Module 1: How LLMs Actually Chunk Content

Module 1 of 9

What This Teaches

Why "sections" are not real chunks.

This module explains how LLMs actually break content into chunks, and why visual structure does not determine chunk boundaries. See also: Core Concepts

Core Concepts

  • Token-based chunking: LLMs chunk based on token limits, not visual structure
  • DOM boundary heuristics: HTML structure influences but does not control chunking
  • Sentence vs semantic chunking: Chunks may split mid-sentence or combine multiple sentences
  • Overlap windows: Chunks overlap to preserve context, but overlap is not guaranteed
  • Truncation bias: Long sentences or paragraphs are truncated, losing information

Key Truth

LLMs do not respect:

  • paragraphs
  • headings
  • visual sections

They chunk based on:

  • token limits
  • punctuation density
  • semantic similarity
  • transformer attention patterns

Practical Rule

If a fact requires previous text, it is already broken.

Design every chunk to be self-contained. Never assume surrounding context will be preserved.

Optional Operator Task

Task: Select any existing webpage (yours or a competitor's). Copy three consecutive paragraphs. Split them into extraction-sized chunks as an LLM would, ignoring visual structure.

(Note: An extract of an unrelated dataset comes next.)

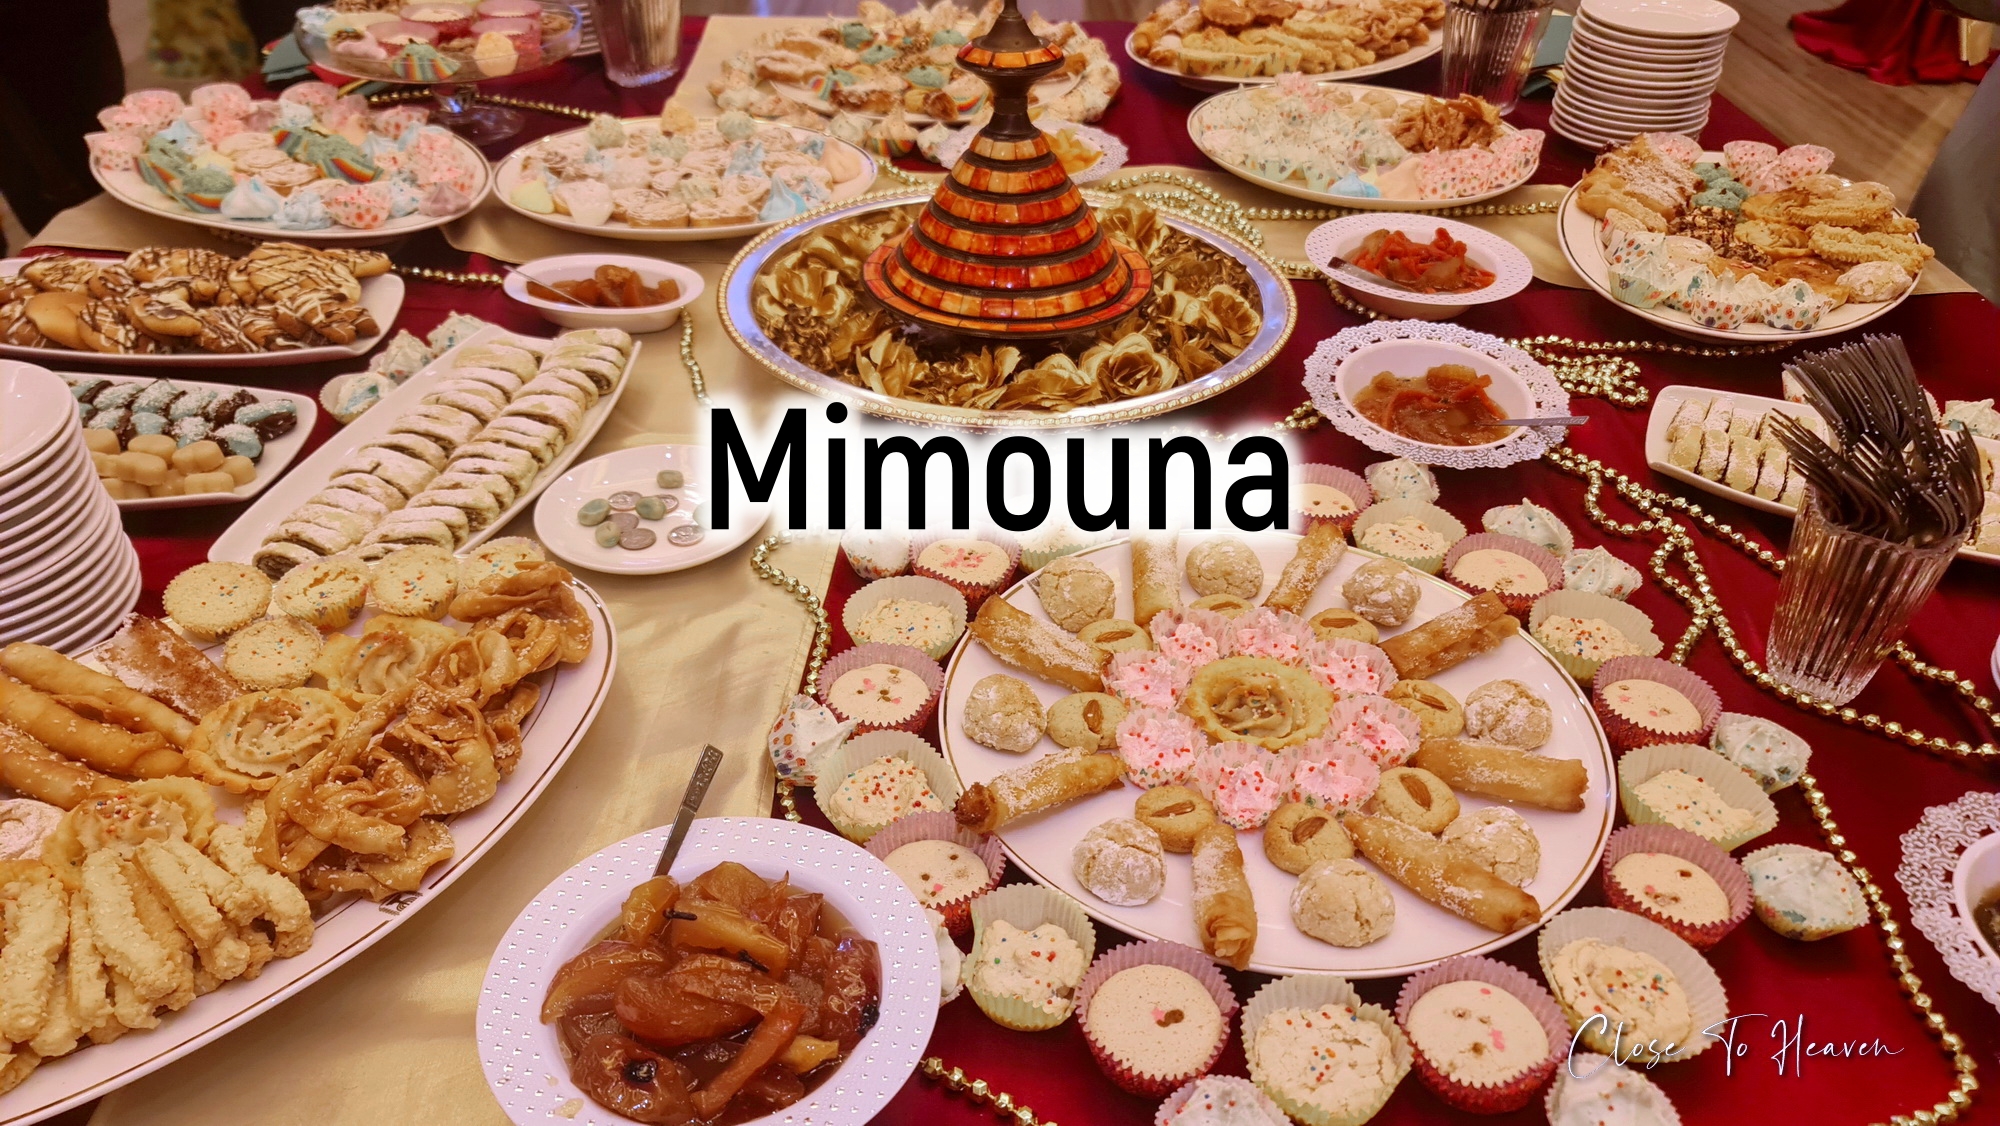 งานสังสรรค์ มิมูนา Mimouna | การจัดงานร่วมกันครั้งแรกระหว่าง สถานทูตอิสราเอล และ สถานทูตโมร็อกโก

Constraint: Each chunk must be token-limited (approximately 512 tokens). Split at semantic boundaries, not sentence boundaries.

What success looks like: You produce a list of chunks where each chunk can be read in isolation without losing meaning. If a chunk requires previous context to be understood, you've identified a chunking failure.

This task is optional. No submission required. No validation. Use it to convert theory into applied thinking.